The 'point of contact' could be (vaguely) connected to 1) Paul's (or was it Peter?) hankerchiefs which he touched and passed on to the sick who were healed. And possibly the woman who touched Jesus Garment. 

That may or may not be the case. It could just be Pentecostal religious tradition that has no rhyme or reason.


----------



## Rich Koster (May 2, 2009)

It is a false teaching created due to the misunderstanding of Matt 18:19 KJV. "Again I say to you, That if two of you on earth *agree as touching* any thing that they shall ask, it shall be done for them of my Father which is in heaven".


----------



## Jon 316 (May 2, 2009)

Rich Koster said:


> It is a false teaching created due to the misunderstanding of Matt 18:19 KJV. "Again I say to you, That if two of you on earth *agree as touching* any thing that they shall ask, it shall be done for them of my Father which is in heaven".



Sarcasm I guess?

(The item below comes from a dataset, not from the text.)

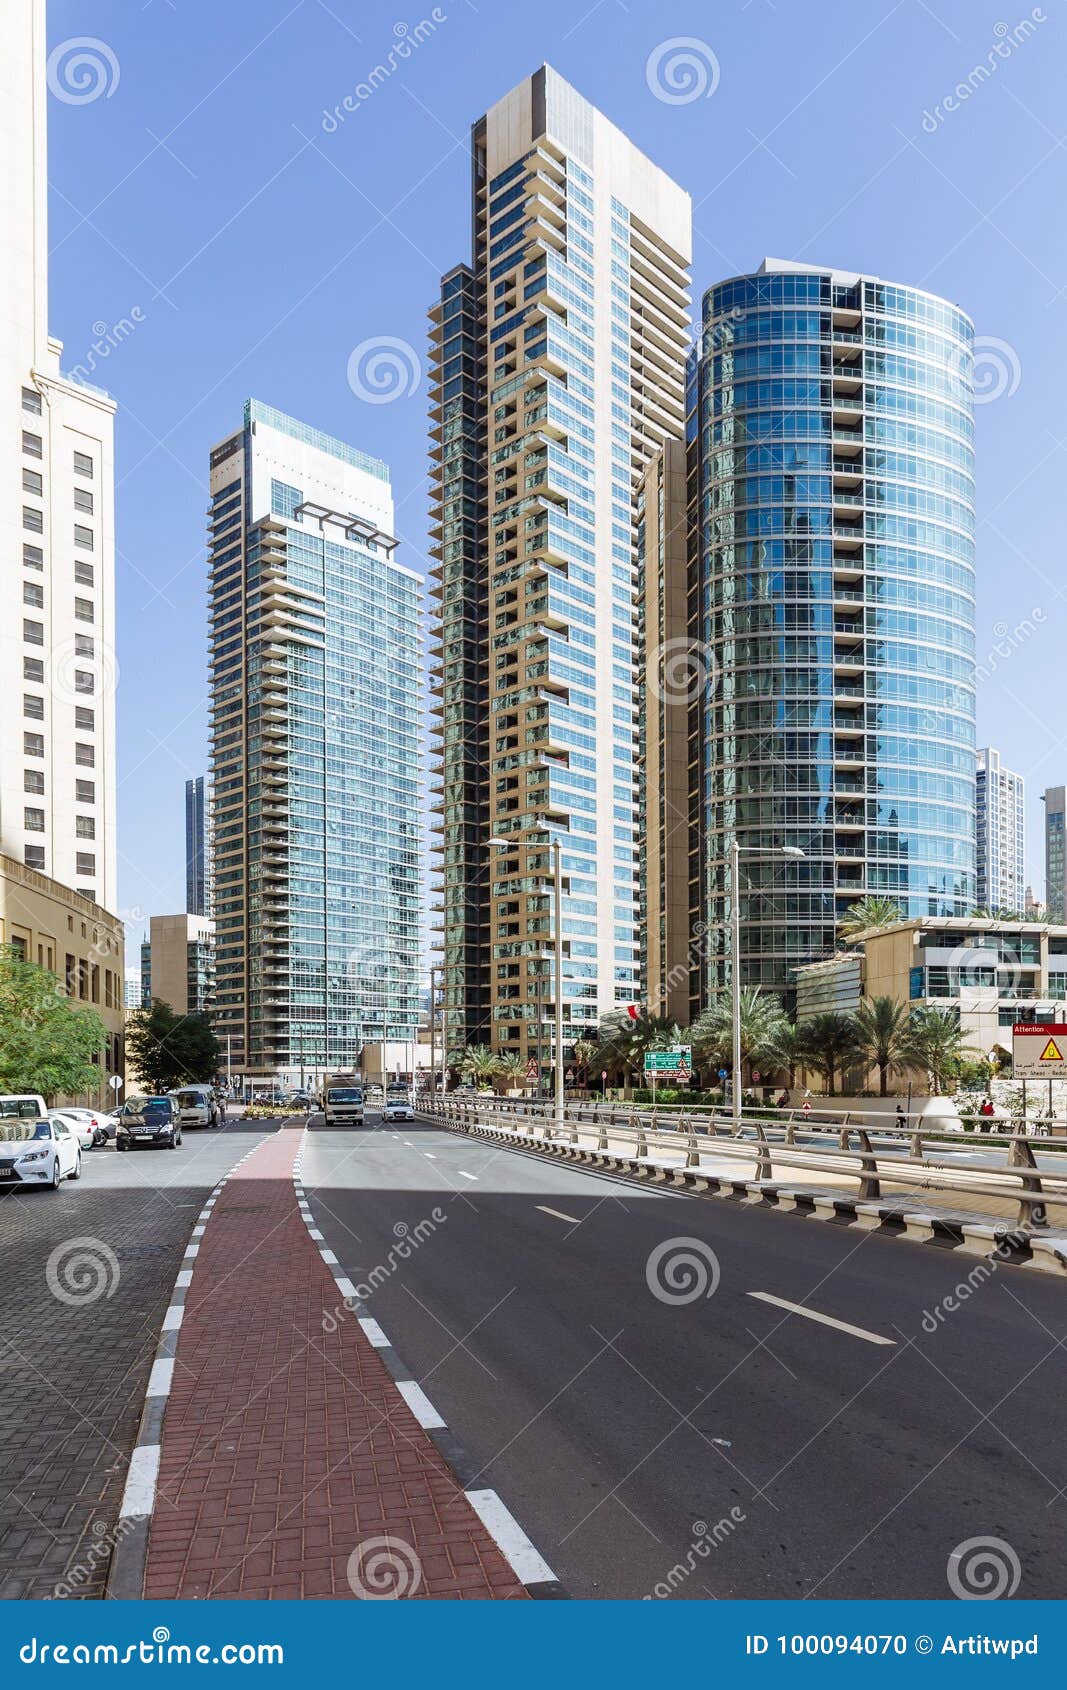 City Scape with Modern High-rise Buildings, Road and Blue Sky in Background  at Dubai Editorial Image - Image of asia, arabic: 100094070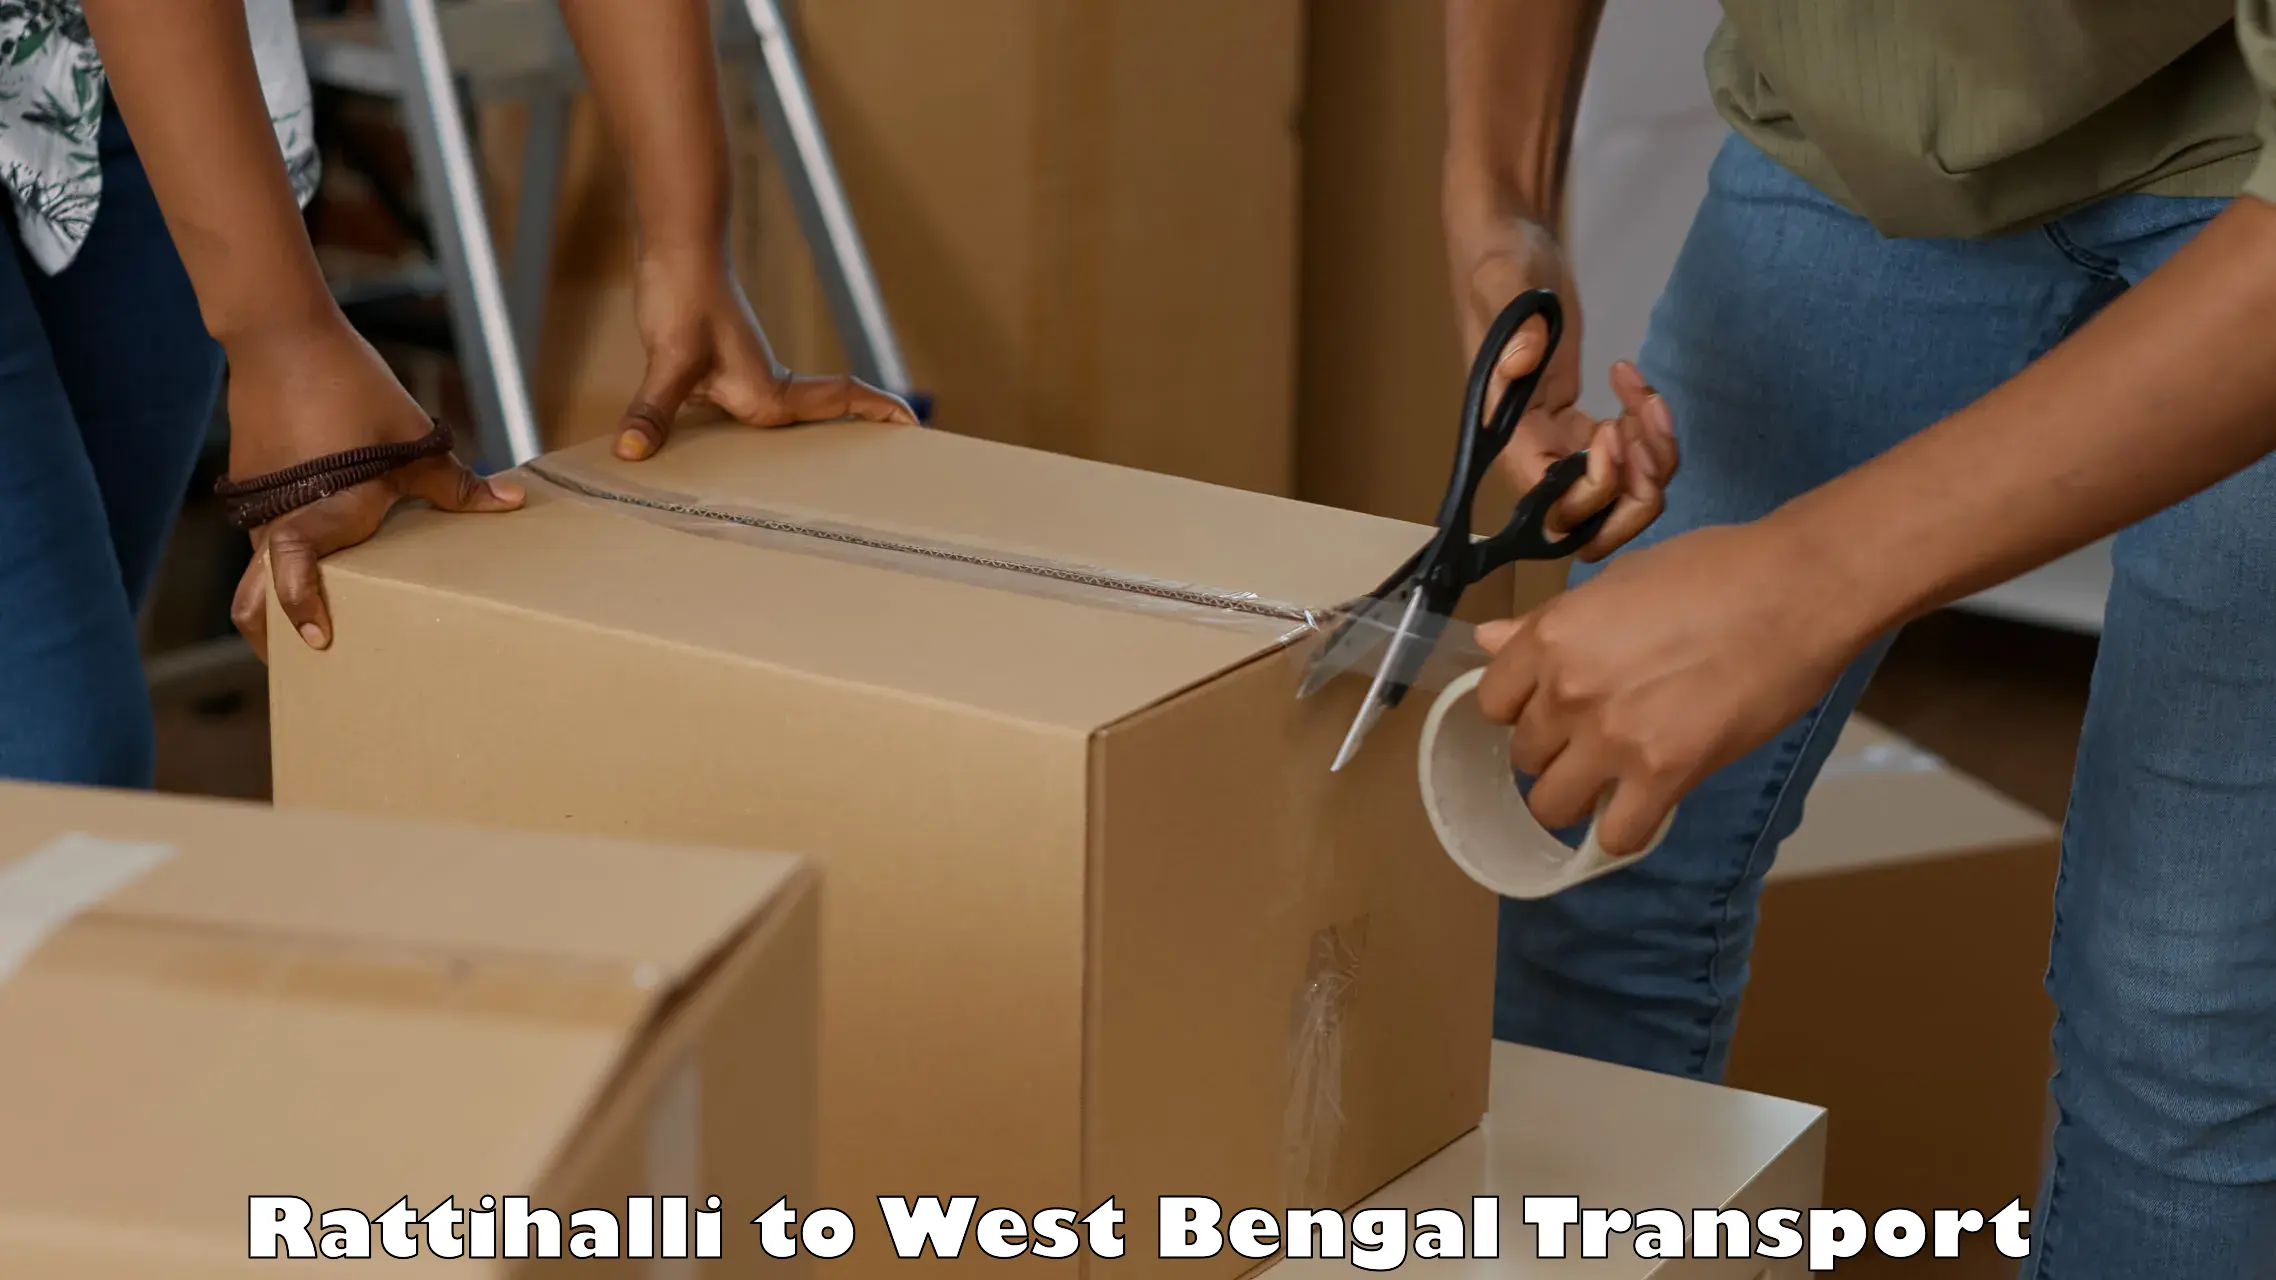 Container transport service Rattihalli to West Bengal

If not, I have never heard such a thing and I have been in the pentie movement a long time.


----------



## Rich Koster (May 2, 2009)

Jon 316 said:


> Rich Koster said:
> 
> 
> > It is a false teaching created due to the misunderstanding of Matt 18:19 KJV. "Again I say to you, That if two of you on earth *agree as touching* any thing that they shall ask, it shall be done for them of my Father which is in heaven".
> ...



No, read the KJV then another version for Matt 18:19....I'm serious.


----------